## TASK
Transcribe each record as written.

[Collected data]
────────────────────
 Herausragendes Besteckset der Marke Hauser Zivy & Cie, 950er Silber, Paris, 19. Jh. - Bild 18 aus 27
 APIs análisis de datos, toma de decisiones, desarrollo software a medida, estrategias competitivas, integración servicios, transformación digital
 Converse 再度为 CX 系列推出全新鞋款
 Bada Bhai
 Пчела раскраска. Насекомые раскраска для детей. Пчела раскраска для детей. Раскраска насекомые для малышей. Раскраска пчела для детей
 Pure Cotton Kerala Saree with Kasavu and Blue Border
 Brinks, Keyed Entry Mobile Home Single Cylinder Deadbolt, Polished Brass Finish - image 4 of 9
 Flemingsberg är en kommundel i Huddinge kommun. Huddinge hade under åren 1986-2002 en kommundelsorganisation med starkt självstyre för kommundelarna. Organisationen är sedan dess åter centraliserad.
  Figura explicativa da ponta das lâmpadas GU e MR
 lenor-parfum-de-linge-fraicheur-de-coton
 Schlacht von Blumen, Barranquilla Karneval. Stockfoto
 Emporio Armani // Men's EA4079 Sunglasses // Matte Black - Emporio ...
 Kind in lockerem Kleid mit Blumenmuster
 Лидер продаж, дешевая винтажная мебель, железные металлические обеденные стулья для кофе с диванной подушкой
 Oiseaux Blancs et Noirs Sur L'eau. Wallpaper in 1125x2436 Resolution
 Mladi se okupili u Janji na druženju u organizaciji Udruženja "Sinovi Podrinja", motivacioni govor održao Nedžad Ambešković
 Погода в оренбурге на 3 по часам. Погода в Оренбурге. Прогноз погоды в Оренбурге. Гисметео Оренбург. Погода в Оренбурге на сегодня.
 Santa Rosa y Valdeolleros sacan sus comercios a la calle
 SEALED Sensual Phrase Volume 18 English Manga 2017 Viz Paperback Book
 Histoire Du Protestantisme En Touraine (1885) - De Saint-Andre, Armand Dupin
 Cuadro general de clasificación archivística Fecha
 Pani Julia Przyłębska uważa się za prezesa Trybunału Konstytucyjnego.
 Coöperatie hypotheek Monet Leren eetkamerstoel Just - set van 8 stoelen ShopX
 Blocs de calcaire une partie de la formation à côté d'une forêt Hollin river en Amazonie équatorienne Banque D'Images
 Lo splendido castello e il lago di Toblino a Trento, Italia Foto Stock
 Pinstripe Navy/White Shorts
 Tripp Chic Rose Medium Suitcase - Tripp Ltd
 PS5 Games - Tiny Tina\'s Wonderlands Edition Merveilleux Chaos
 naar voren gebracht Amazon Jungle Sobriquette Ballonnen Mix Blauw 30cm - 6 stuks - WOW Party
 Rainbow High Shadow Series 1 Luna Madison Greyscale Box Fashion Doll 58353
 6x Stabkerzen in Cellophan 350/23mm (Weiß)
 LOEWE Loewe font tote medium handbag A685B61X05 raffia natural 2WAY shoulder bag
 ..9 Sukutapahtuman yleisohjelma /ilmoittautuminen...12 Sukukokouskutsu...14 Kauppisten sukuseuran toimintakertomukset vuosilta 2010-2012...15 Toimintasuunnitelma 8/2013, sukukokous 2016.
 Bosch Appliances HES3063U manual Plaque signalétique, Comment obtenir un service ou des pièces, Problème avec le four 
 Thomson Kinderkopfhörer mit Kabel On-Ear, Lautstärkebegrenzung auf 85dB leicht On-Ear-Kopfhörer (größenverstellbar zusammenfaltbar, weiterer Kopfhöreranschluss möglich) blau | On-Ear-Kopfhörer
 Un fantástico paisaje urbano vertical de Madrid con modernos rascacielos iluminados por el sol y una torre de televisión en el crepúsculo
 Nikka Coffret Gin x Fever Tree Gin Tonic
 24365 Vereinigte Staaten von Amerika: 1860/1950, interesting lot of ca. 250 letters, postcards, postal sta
────────────────────
## RESPONSE AREA
 Herausragendes Besteckset der Marke Hauser Zivy & Cie, 950er Silber, Paris, 19. Jh. - Bild 18 aus 27
 APIs análisis de datos, toma de decisiones, desarrollo software a medida, estrategias competitivas, integración servicios, transformación digital
 Converse 再度为 CX 系列推出全新鞋款
 Bada Bhai
 Пчела раскраска. Насекомые раскраска для детей. Пчела раскраска для детей. Раскраска насекомые для малышей. Раскраска пчела для детей
 Pure Cotton Kerala Saree with Kasavu and Blue Border
 Brinks, Keyed Entry Mobile Home Single Cylinder Deadbolt, Polished Brass Finish - image 4 of 9
 Flemingsberg är en kommundel i Huddinge kommun. Huddinge hade under åren 1986-2002 en kommundelsorganisation med starkt självstyre för kommundelarna. Organisationen är sedan dess åter centraliserad.
  Figura explicativa da ponta das lâmpadas GU e MR
 lenor-parfum-de-linge-fraicheur-de-coton
 Schlacht von Blumen, Barranquilla Karneval. Stockfoto
 Emporio Armani // Men's EA4079 Sunglasses // Matte Black - Emporio ...
 Kind in lockerem Kleid mit Blumenmuster
 Лидер продаж, дешевая винтажная мебель, железные металлические обеденные стулья для кофе с диванной подушкой
 Oiseaux Blancs et Noirs Sur L'eau. Wallpaper in 1125x2436 Resolution
 Mladi se okupili u Janji na druženju u organizaciji Udruženja "Sinovi Podrinja", motivacioni govor održao Nedžad Ambešković
 Погода в оренбурге на 3 по часам. Погода в Оренбурге. Прогноз погоды в Оренбурге. Гисметео Оренбург. Погода в Оренбурге на сегодня.
 Santa Rosa y Valdeolleros sacan sus comercios a la calle
 SEALED Sensual Phrase Volume 18 English Manga 2017 Viz Paperback Book
 Histoire Du Protestantisme En Touraine (1885) - De Saint-Andre, Armand Dupin
 Cuadro general de clasificación archivística Fecha
 Pani Julia Przyłębska uważa się za prezesa Trybunału Konstytucyjnego.
 Coöperatie hypotheek Monet Leren eetkamerstoel Just - set van 8 stoelen ShopX
 Blocs de calcaire une partie de la formation à côté d'une forêt Hollin river en Amazonie équatorienne Banque D'Images
 Lo splendido castello e il lago di Toblino a Trento, Italia Foto Stock
 Pinstripe Navy/White Shorts
 Tripp Chic Rose Medium Suitcase - Tripp Ltd
 PS5 Games - Tiny Tina\'s Wonderlands Edition Merveilleux Chaos
 naar voren gebracht Amazon Jungle Sobriquette Ballonnen Mix Blauw 30cm - 6 stuks - WOW Party
 Rainbow High Shadow Series 1 Luna Madison Greyscale Box Fashion Doll 58353
 6x Stabkerzen in Cellophan 350/23mm (Weiß)
 LOEWE Loewe font tote medium handbag A685B61X05 raffia natural 2WAY shoulder bag
 ..9 Sukutapahtuman yleisohjelma /ilmoittautuminen...12 Sukukokouskutsu...14 Kauppisten sukuseuran toimintakertomukset vuosilta 2010-2012...15 Toimintasuunnitelma 8/2013, sukukokous 2016.
 Bosch Appliances HES3063U manual Plaque signalétique, Comment obtenir un service ou des pièces, Problème avec le four 
 Thomson Kinderkopfhörer mit Kabel On-Ear, Lautstärkebegrenzung auf 85dB leicht On-Ear-Kopfhörer (größenverstellbar zusammenfaltbar, weiterer Kopfhöreranschluss möglich) blau | On-Ear-Kopfhörer
 Un fantástico paisaje urbano vertical de Madrid con modernos rascacielos iluminados por el sol y una torre de televisión en el crepúsculo
 Nikka Coffret Gin x Fever Tree Gin Tonic
 24365 Vereinigte Staaten von Amerika: 1860/1950, interesting lot of ca. 250 letters, postcards, postal sta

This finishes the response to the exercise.